Golang Benchmarking, Part 1

Basic CPU and Memory Benchmarking & Analysis with Go

Performance Benchmarks with Go's testing Package and Statistical Tests with benchstat

---

Franco Posa

Published 2025-01-25 · Updated 2025-02-05


Goals

We will:

  1. Write & run a simple performance benchmark test with the Go testing package
  2. Apply statistical tests between benchmark results with the benchstat tool

0. Prerequisites

0.1 Install benchstat

Install the benchstat tool into your $GOPATH/bin:

% go install golang.org/x/perf/cmd/benchstat@latest

Then check that benchstat is available in your $PATH:

% which benchstat
~/go/bin/benchstat

If the command is not found, then you may need to add the $GOPATH/bin directory to your $PATH:

% export PATH=$PATH:$GOPATH/bin

1. Write and Run a Simple Benchmark in Go

1.1. A Real-World Example

The example we will use here is simple - a single line in Grafana’s Mimir codebase.

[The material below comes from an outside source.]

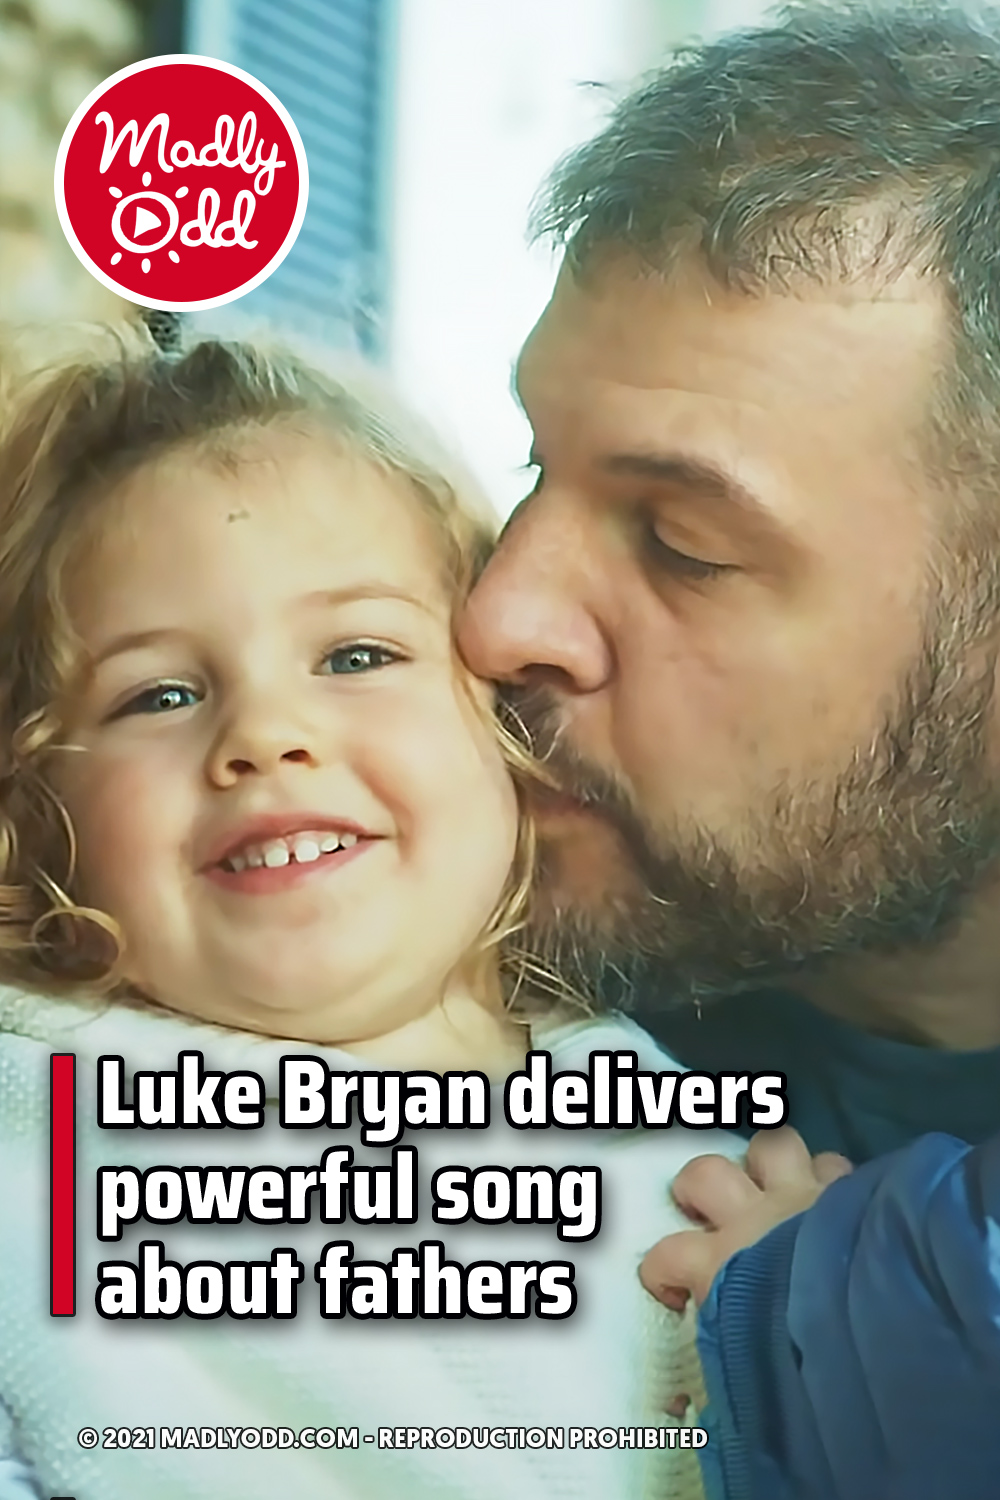 Luke Bryan delivers powerful song about fathers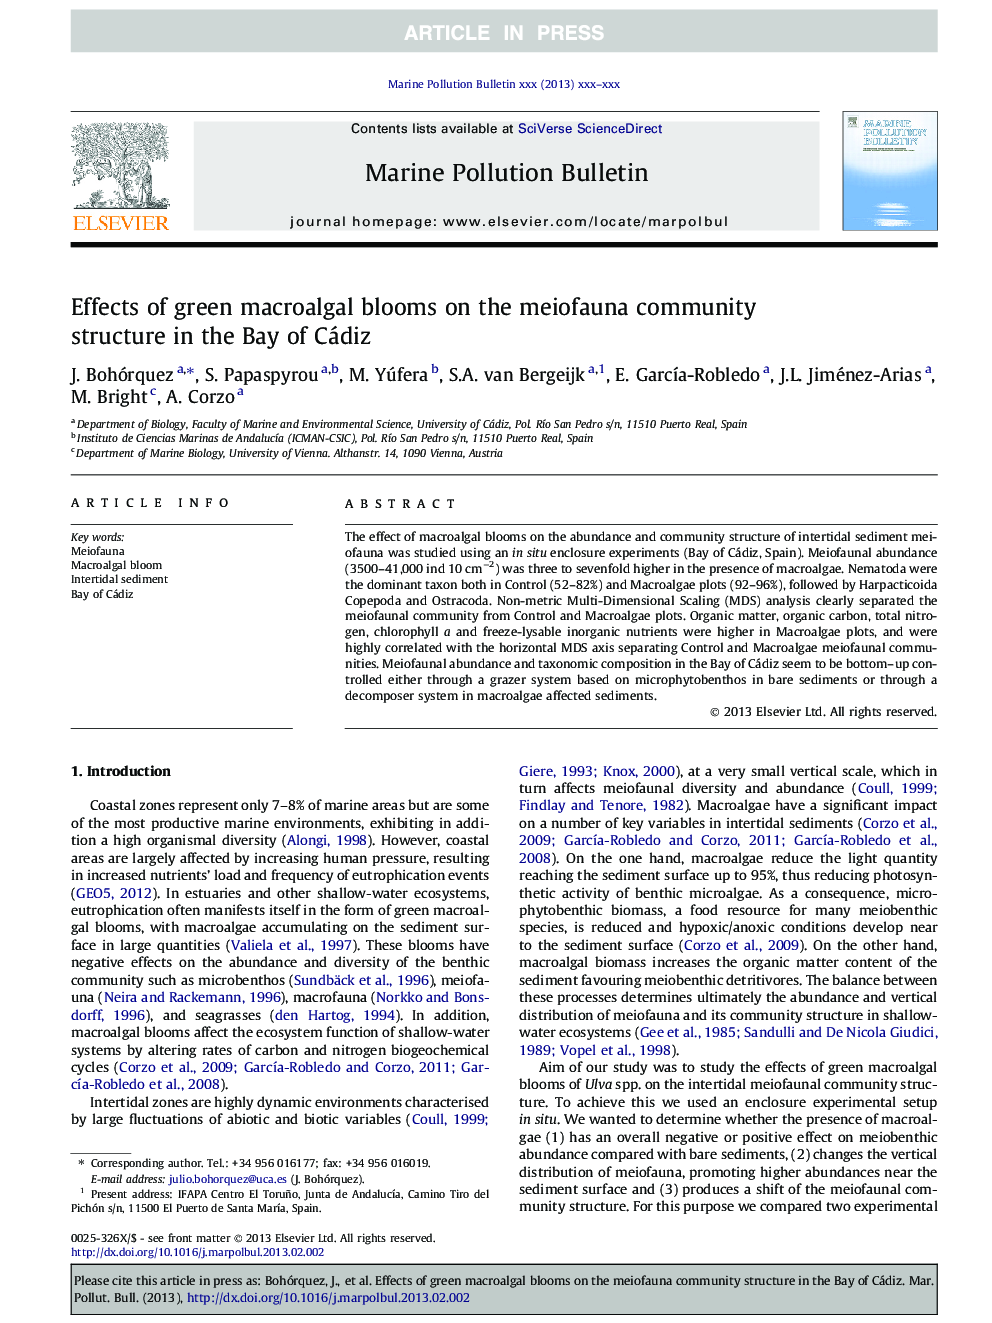 Effects of green macroalgal blooms on the meiofauna community structure in the Bay of Cádiz

In a project spanning months, we had introduced enormous changes to a query request queuing algorithm and spent much of our focus on the performance of the queue in the context of the larger system of microservices.

With such complex changes, it is inevitable that some minor issues make it past our test suites and code reviews. We analyzed continuous profiles of the new code running in our dev environments and looked for any performance hotspots that could be improved.

While this particular snippet was far from the worst offender, it looked like it could be easy to fix. The code returns a list of strings with length 2, representing a path through a tree structure.

Original

    return append([]string{component}, tenant)

The apparent issue is that we create a new slice just to hold the first string, then immediately create new slice with the append operations, instead of just creating a single slice with the two strings:

Potential Fix

    return []string{component, tenant}

However, without a benchmark we could not tell or if or how much the potential fix could improve performance.

1.2. Write a Simple Benchmark

We start with our building blocks - the simplest possible representation of the code we want to benchmark. Further complexity and changes to make it more representative of real-world usage can always come later.

Benchmark test names in Go must always start with Benchmark and take b *testing.B as their only argument. Also note the use of fmt.Sprintf("func=%s", testCase.name) to name each scenario within the benchmark. This is a standardized key=value format for differentiating Go benchmark scenarios, which allows the output to work with analysis tools like benchstat.

package benchmark_example

import (
	"fmt"
	"testing"
)

type queuePathFunc func(component, tenant string) []string

func baselineQueuePath(component, tenant string) []string {
	return append([]string{component}, tenant)
}

func noAppendQueuePath(component, tenant string) []string {
	return []string{component, tenant}
}

func BenchmarkQueuePath(b *testing.B) {
	var testCases = []struct {
		name     string
		pathFunc queuePathFunc
	}{
		{"baseline", baselineQueuePath},
		{"noAppend", noAppendQueuePath},
	}

	for _, testCase := range testCases {
		b.Run(fmt.Sprintf("func=%s", testCase.name), func(b *testing.B) {
			for i := 0; i < b.N; i++ {
				_ = testCase.pathFunc("component", "tenant")
			}
		})
	}
}

1.3. Run the Benchmark & View Results

Go benchmarks are run via the standard go test command, with specific CLI flags used to control benchmark behavior.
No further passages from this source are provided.